Services automaticly change firewall rules to open access to themselfs.

Arthur Pemberton pemboa at gmail.com
Sat Sep 1 17:05:00 UTC 2007


On 9/1/07, Bruno Wolff III <bruno at wolff.to> wrote:
> On Sat, Sep 01, 2007 at 14:07:17 +0200,
>   Benny Amorsen <benny+usenet at amorsen.dk> wrote:
> >
> > Administrators sometimes want to limit which traffic can reach
> > applications, and perhaps limit the risk when accidentally starting
> > applications. Automating firewall setup makes that useless.
>
> That is probably the main reason. And having apps undo restrictions seems
> like a really really bad idea.

So being able to easily disable this wouldn't be enough?
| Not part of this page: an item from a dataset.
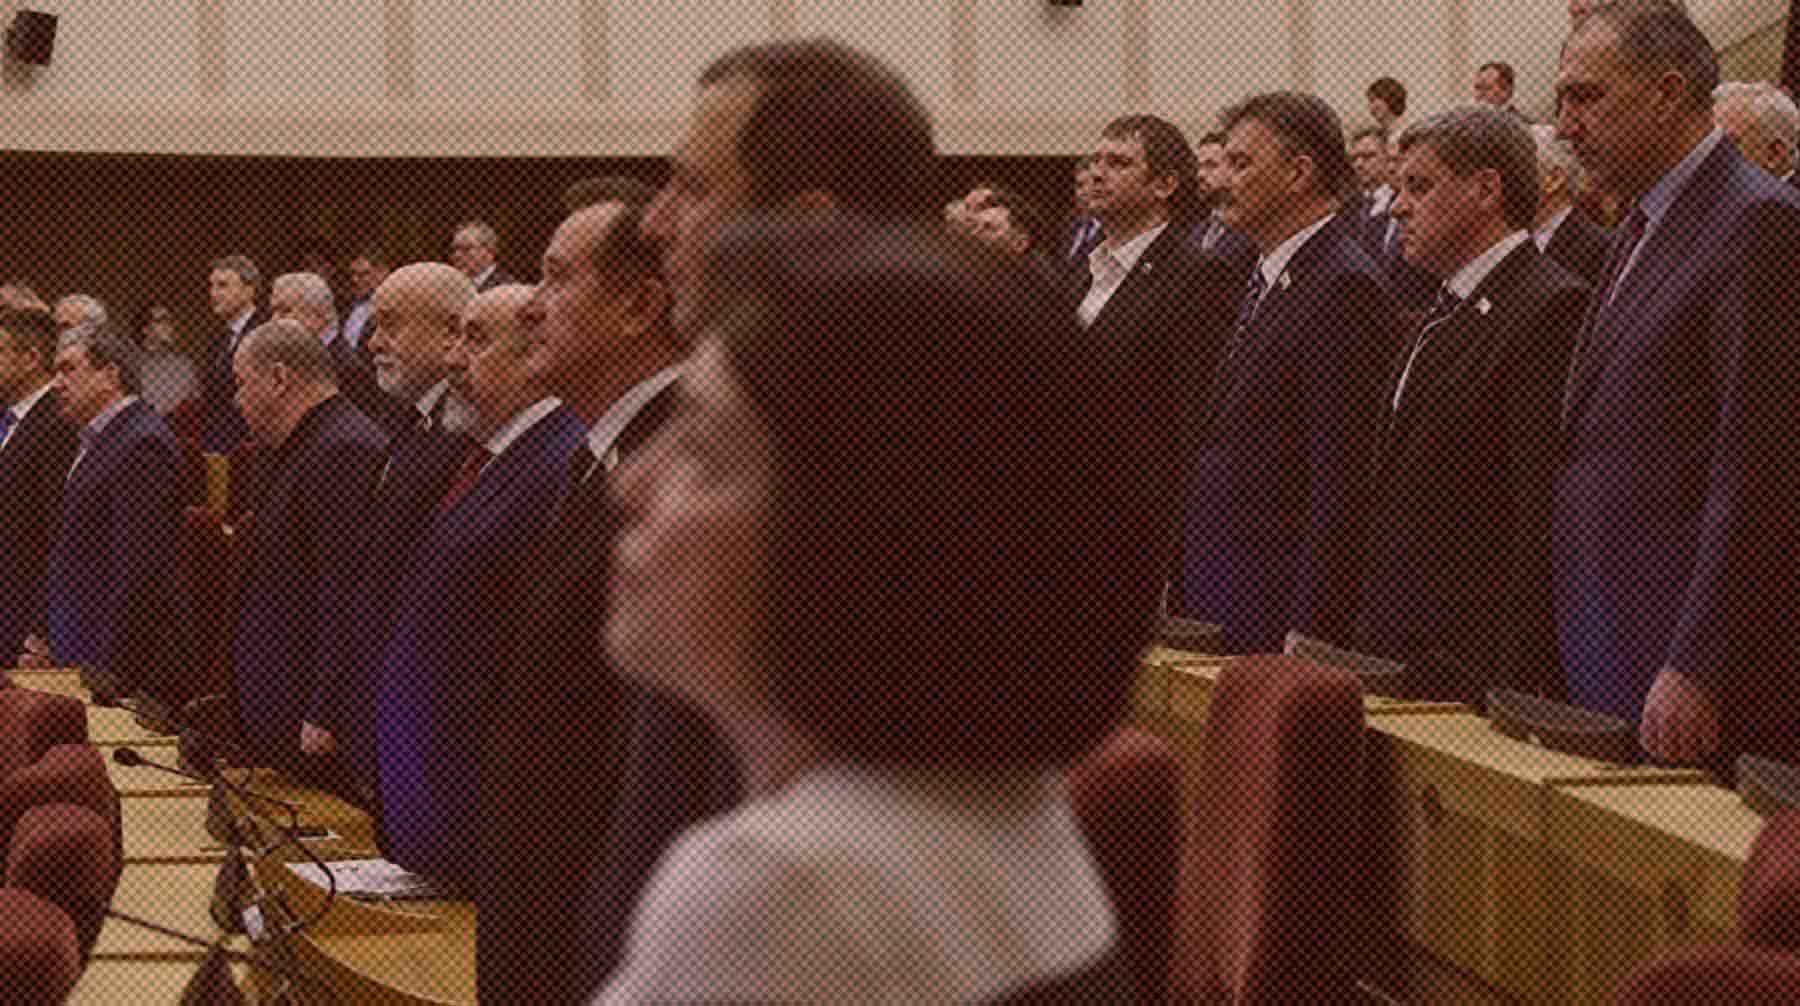 49 депутатов закса поддержали инициативу, против выступили 12 человек, один парламентарий воздержался Депутаты на внеочередной сессии Законодательного собрания Новосибирской области

> Plus I have no confidence that apps can properly rewrite iptables rules
> correctly. iptables setups can have complications which will make it
> hard to change them. I have used subroutines for checking reserved ip
> ranges and have had services configured to only be available to local
> ip addresses or specific interfaces.

This is something that would/should work only if you're using
system-config-firewall

> I think the idea of having some way to help people who want a service
> available to the internet at large or some local ip addresses is a good
> idea, but it needs to be an add on step that can be skipped, not some
> invisible change behind the scenes.